According to the method of the present invention, the content of the colorant in the electrocoagulation printing ink can be reduced by 50%. By reducing the content of the colorant in the ink, a squeegee substantially eliminates the undesirable background image of a thin film of colored non-coagulated colloid that cannot be removed from the positive electrode active surface and is therefore transferred to the substrate. It can be lost.

Further, the viscosity of the ink can be reduced by reducing the content of the colorant in the ink. Inks with low viscosity are more suitable for long-term printing. According to such an ink, Canadian Patent Application No. 2,334,26
As described in No. 5, the tendency of gelatinous substances to adhere to the surface of the negative electrode can be reduced.

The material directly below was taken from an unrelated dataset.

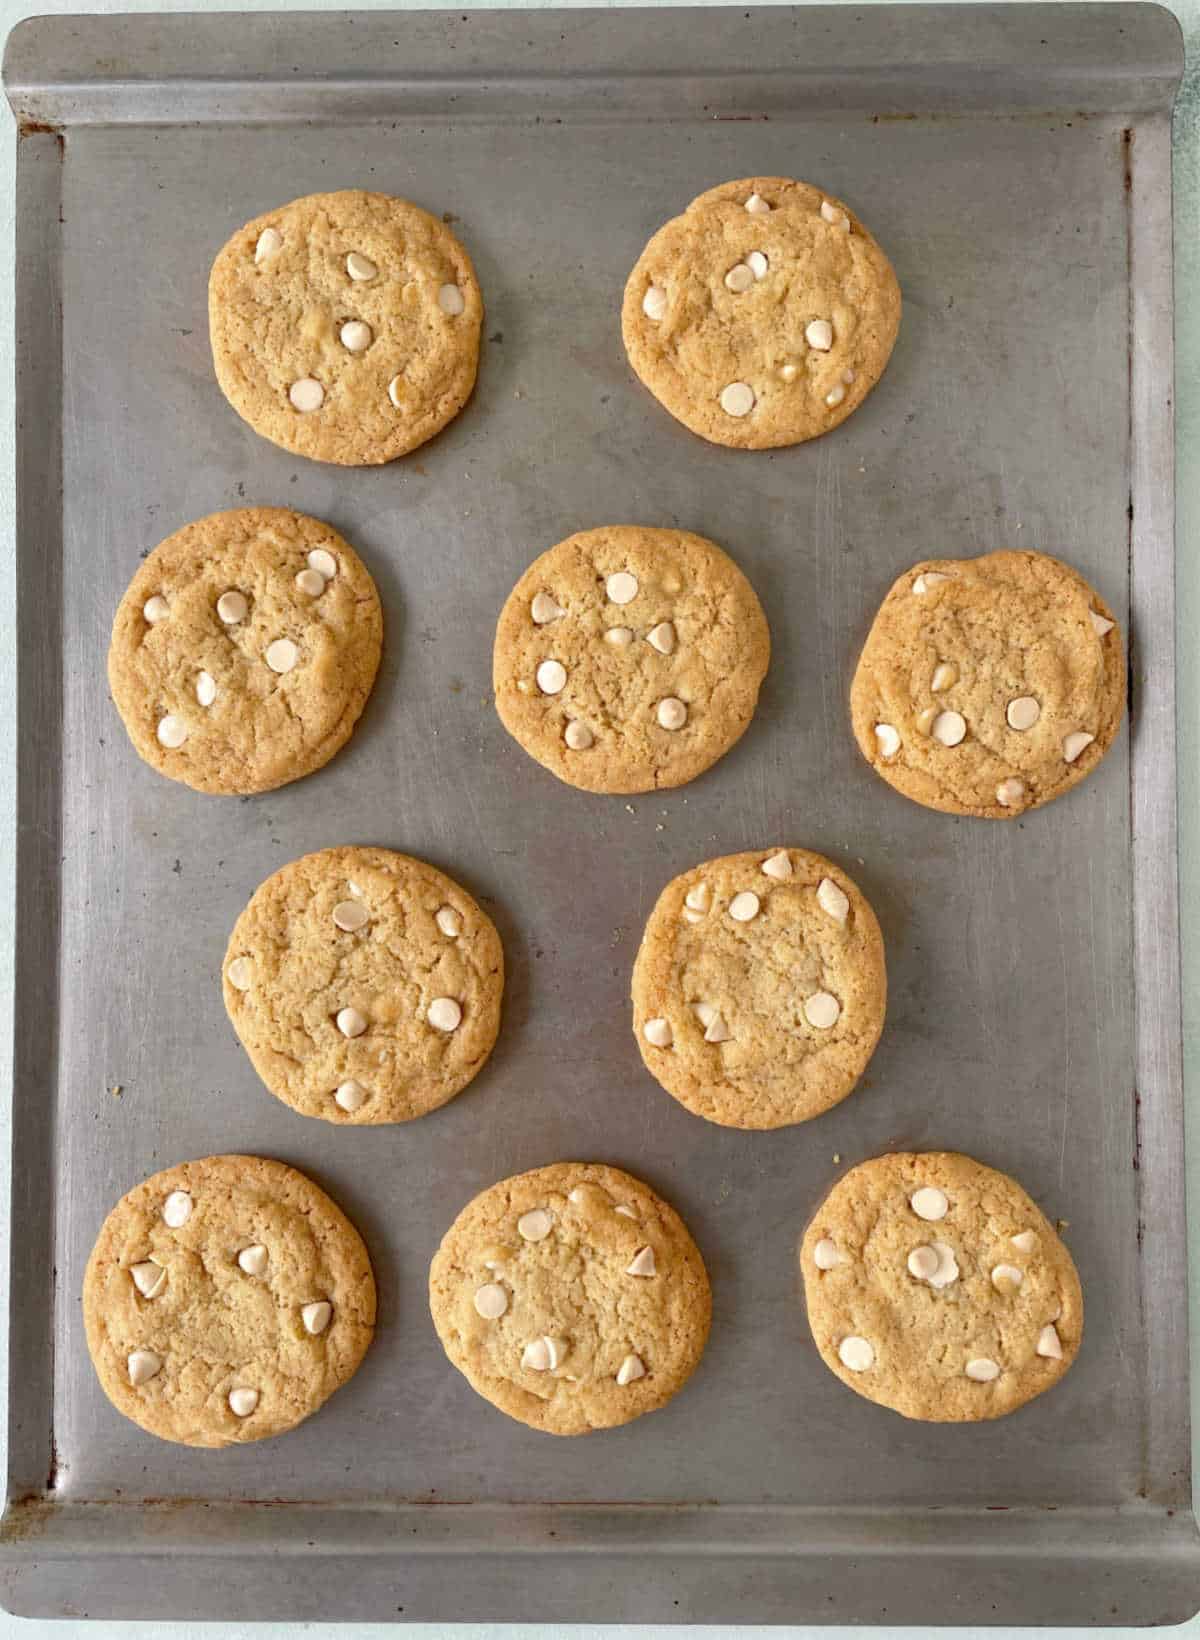 Top view of baked white chocolate chip cookies on metal baking sheet.

The colored solidified colloidal dots produced according to the present invention have a high resistance to squeegee abrasion.

Electrocoagulation printing inks having an electrolyte conductivity of 50 mS to 150 mS at 30 degrees Celsius can be used. In such a case, the trigger voltage signal applied to the negative electrode consists of at least two consecutive pulses with a pulse duration of 15 nanoseconds to 8 microseconds.
As indicated previously, if the electrocoagulation printing ink used has an electrolyte conductivity of 100 mS at 30 degrees Celsius,
The trigger voltage signal applied to the negative electrode consists of at least two consecutive pulses with a pulse duration of up to about 4 microseconds. Such maximum pulse duration may be configured in 255 increments of 15.68 nanoseconds, 63 increments of 63.49 nanoseconds, or 31 increments of 129 nanoseconds. As a result, if the pulse generation can be stopped at any time according to the desired optical density, all optical densities can be covered during electrocoagulation printing.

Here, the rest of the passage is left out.